= Beginning of Section =

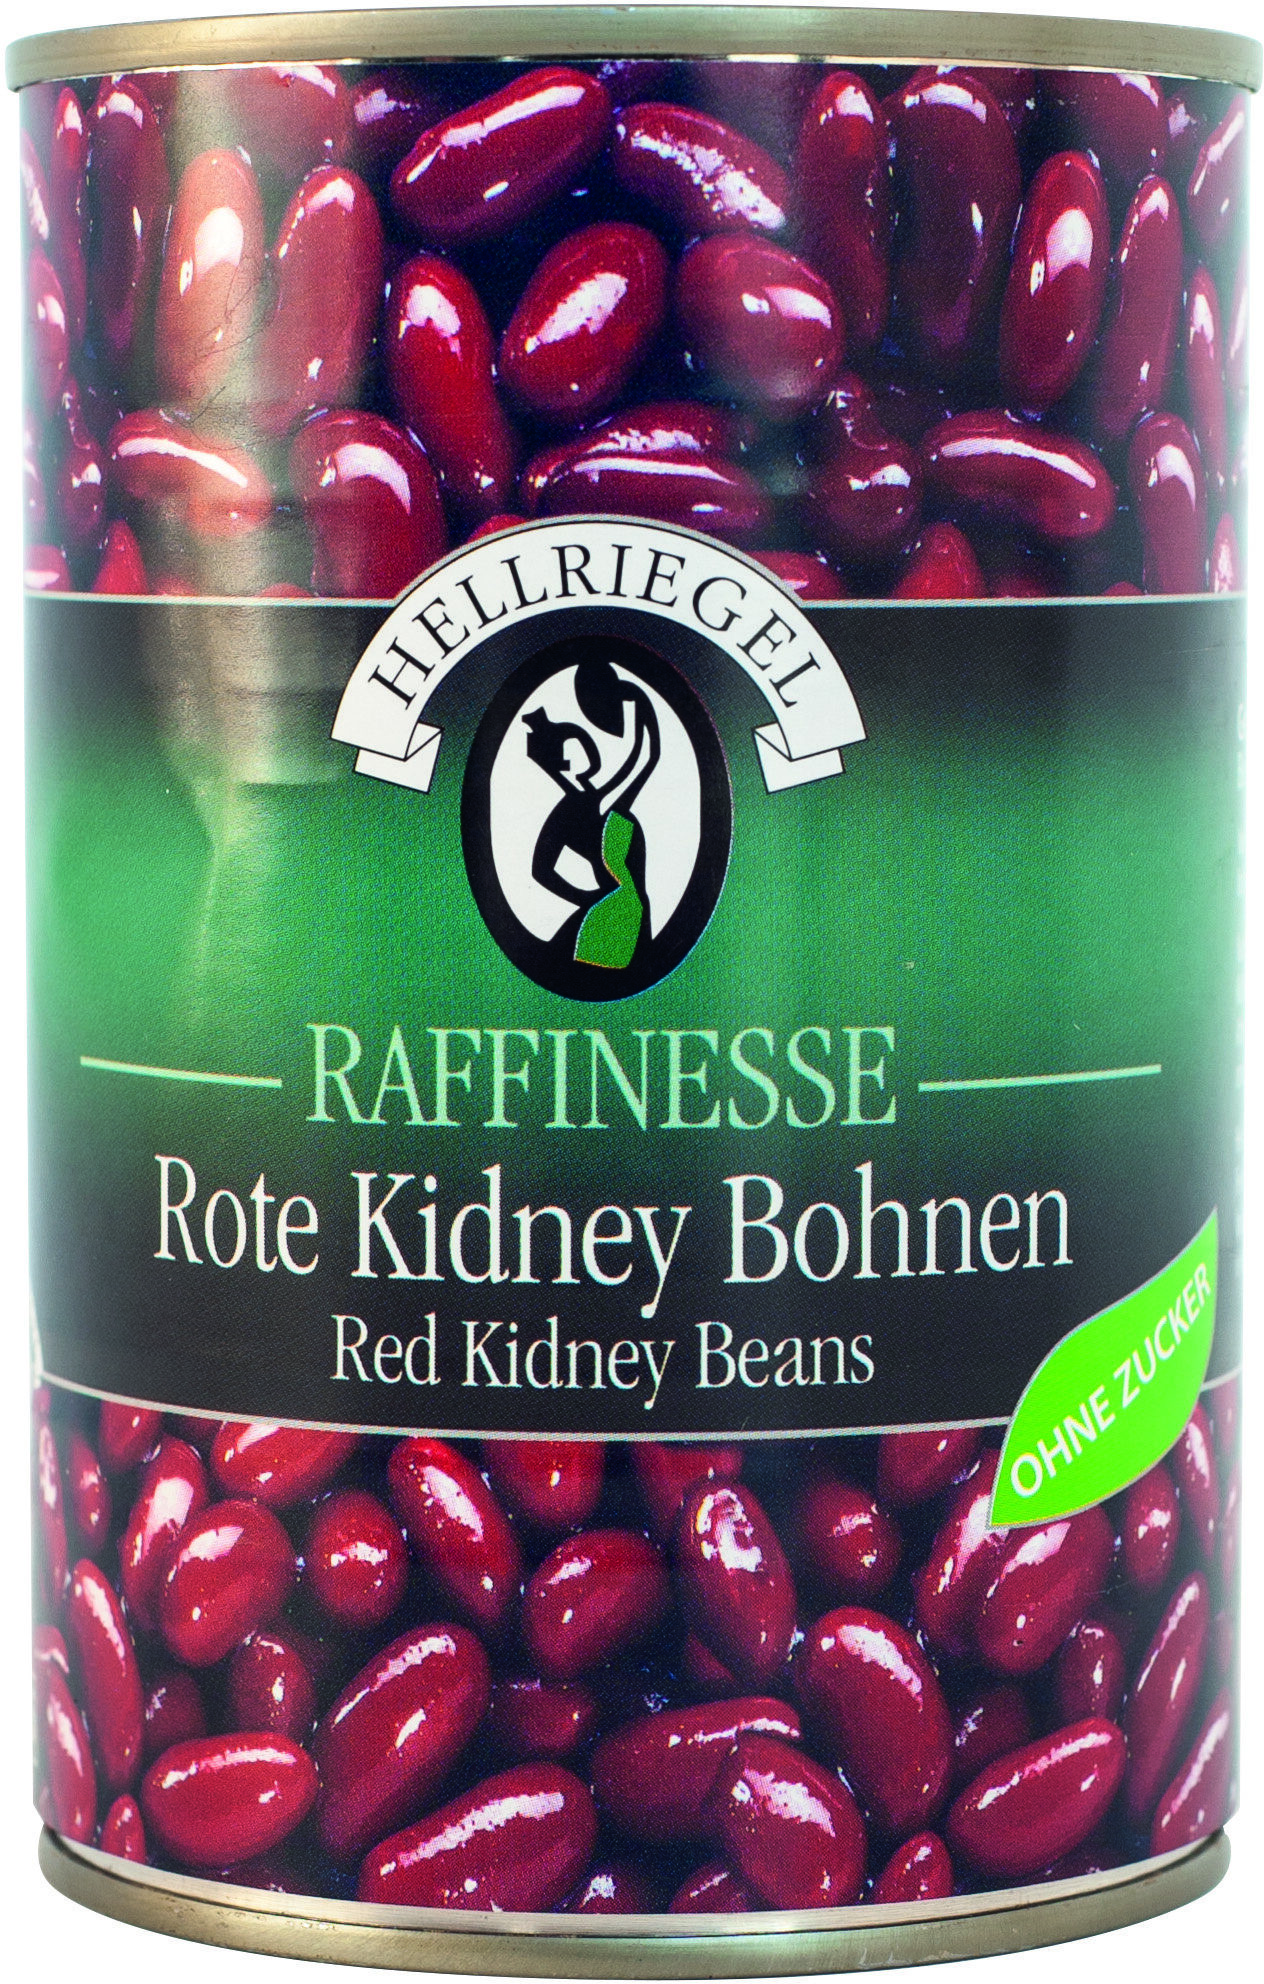 Hellriegel Raffinesse Kidney-Bohnen rot - Produkt
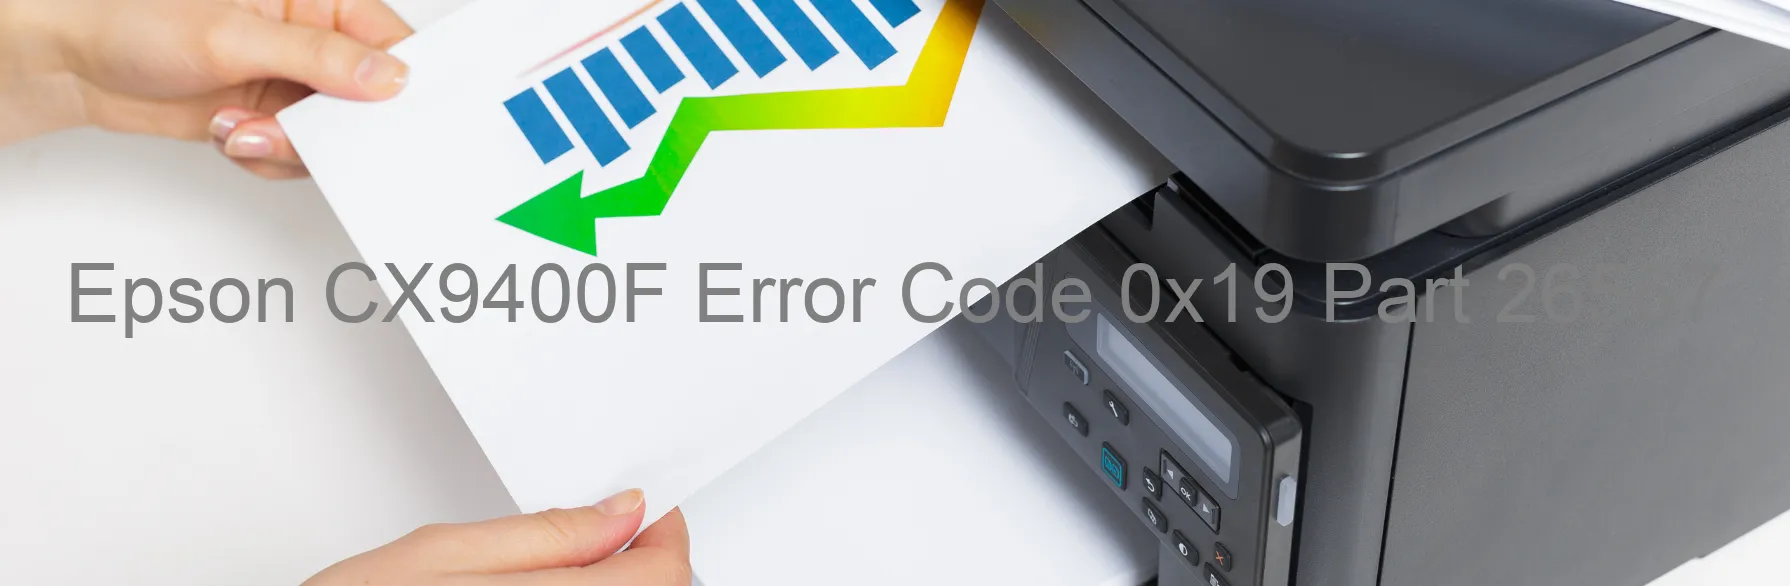 Epson CX9400F Error Code 0x19 Part 26567
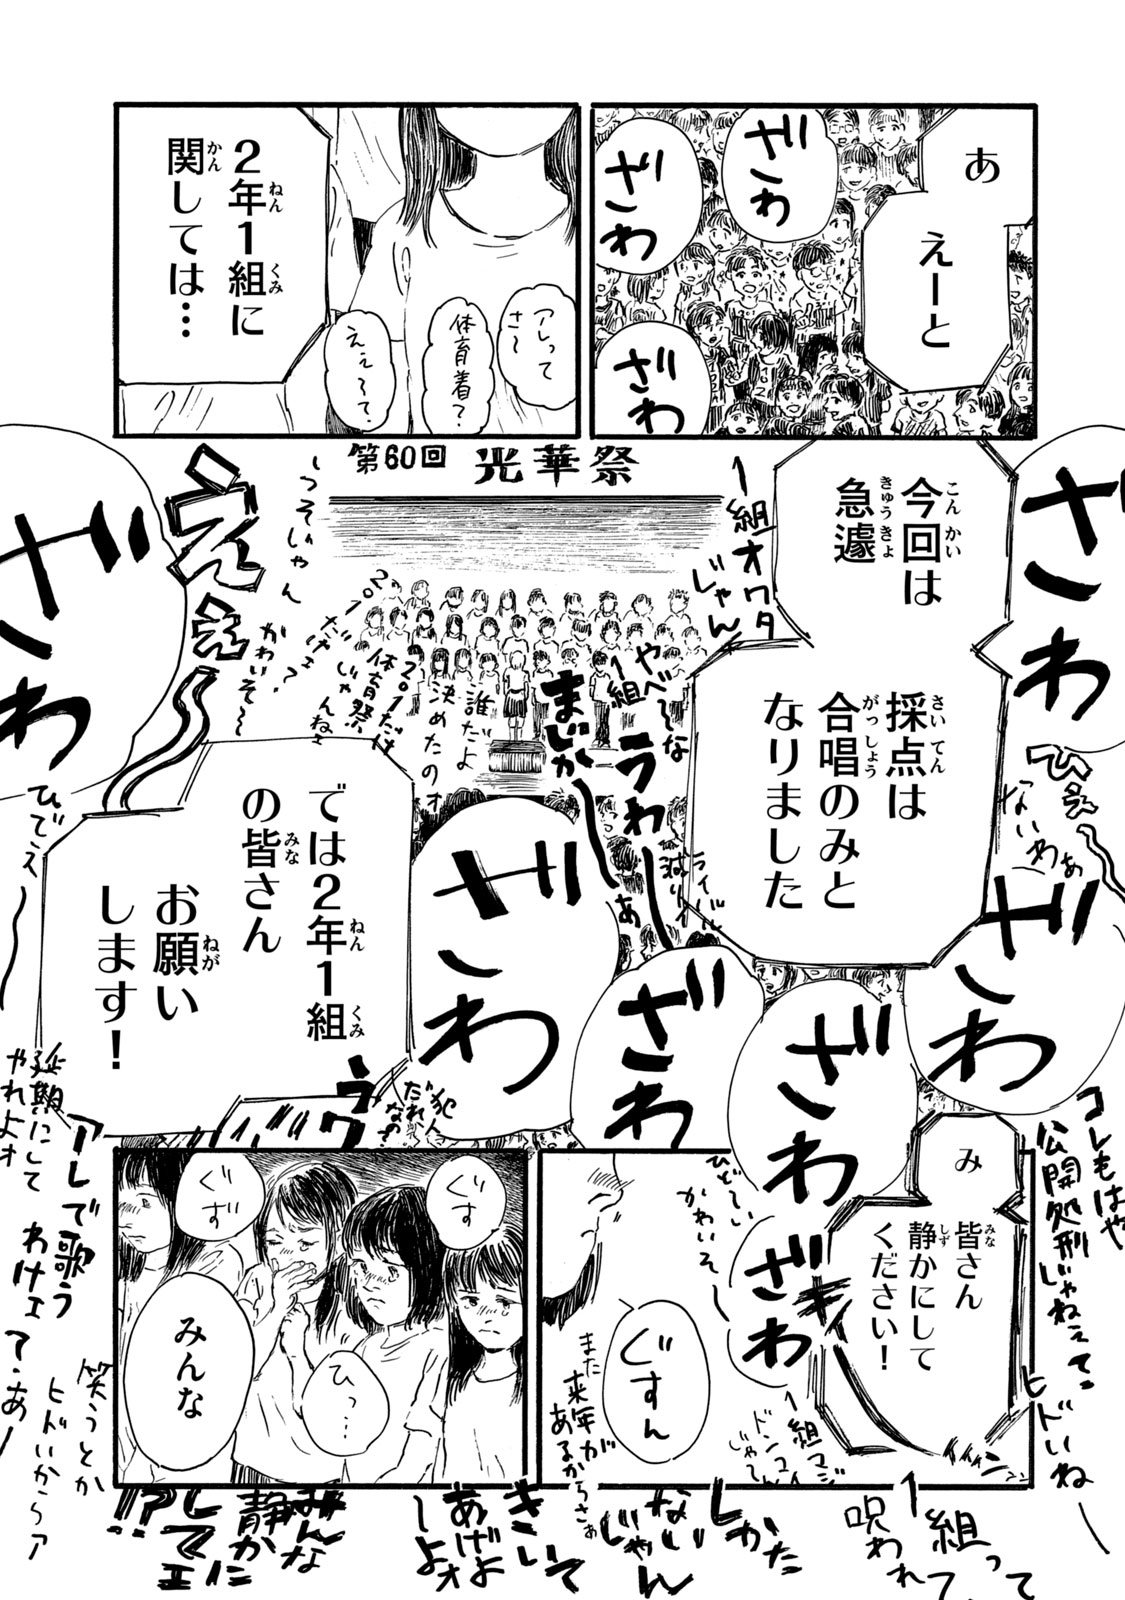 Watashi no Hara no Naka no Bakemono - Chapter 9 - Page 17
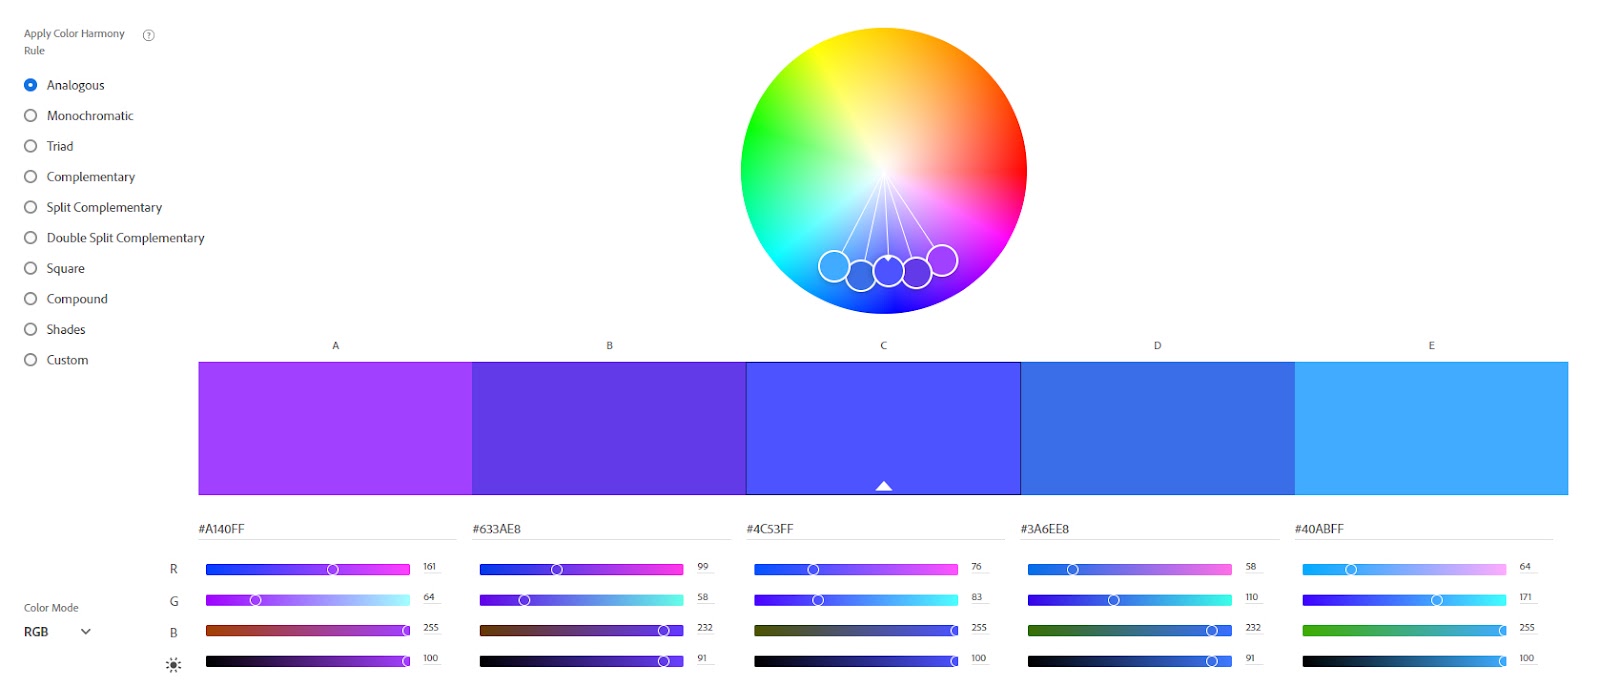 Imagem que mostra a página inicial do site Adobe Color. Na parte central e superior da imagem, há um círculo de cores utilizado para a pesquisa de paleta de cores.
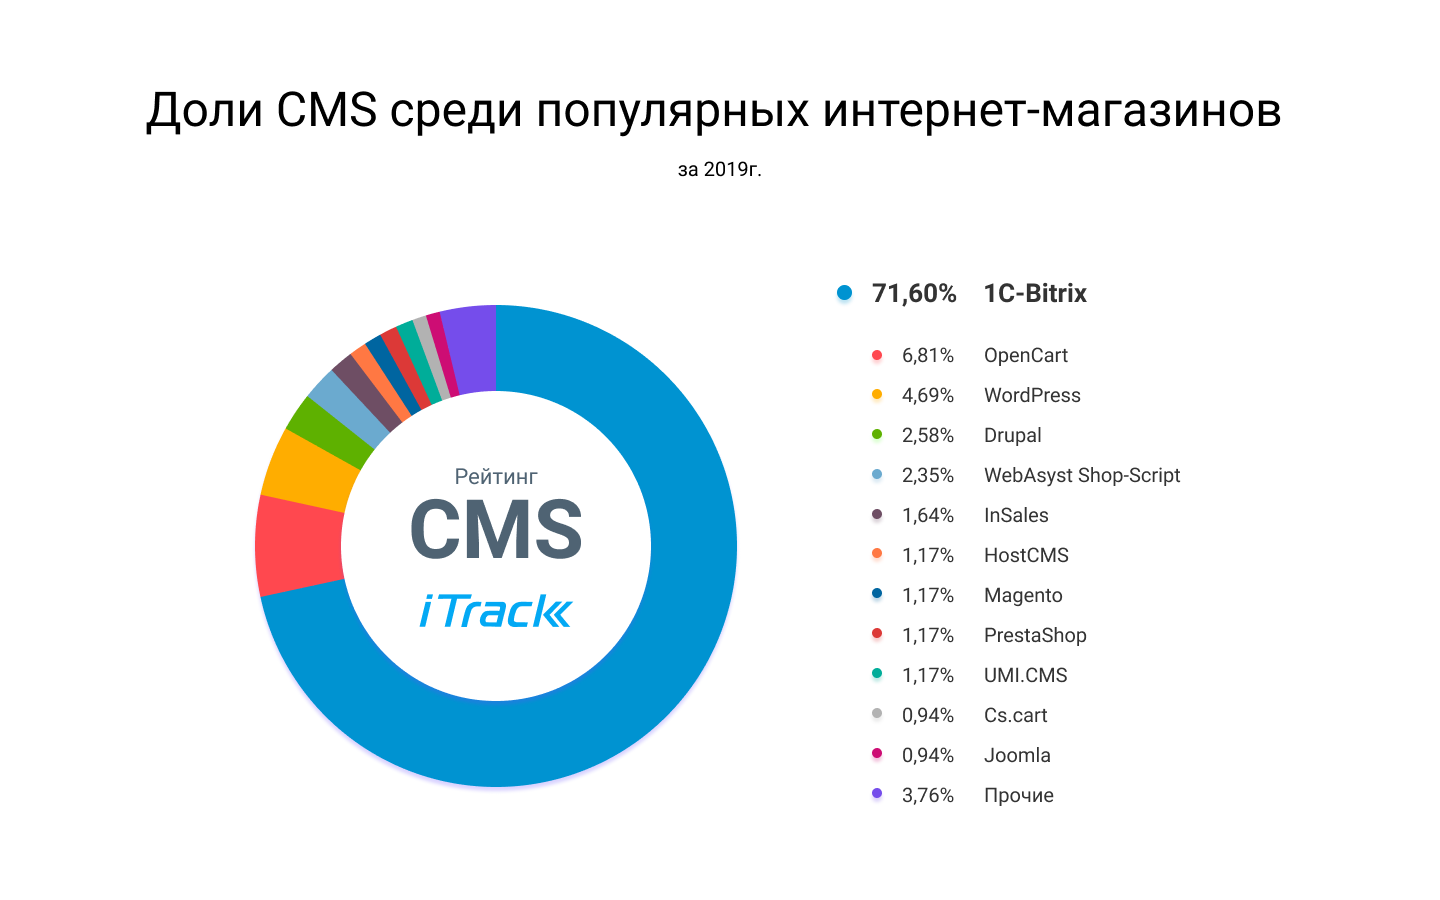 Рейтинг CMS среди популярных интернет-магазинов в России - инфографика

= End of Section =

Your instructions ::
Return all the lines above exactly; none of the pictures should appear.

Exercise answer ::
 Hellriegel Raffinesse Kidney-Bohnen rot - Produkt
 Epson CX9400F Error Code 0x19 Part 26567
 Watashi no Hara no Naka no Bakemono - Chapter 9 - Page 17
 Imagem que mostra a página inicial do site Adobe Color. Na parte central e superior da imagem, há um círculo de cores utilizado para a pesquisa de paleta de cores.
 Рейтинг CMS среди популярных интернет-магазинов в России - инфографика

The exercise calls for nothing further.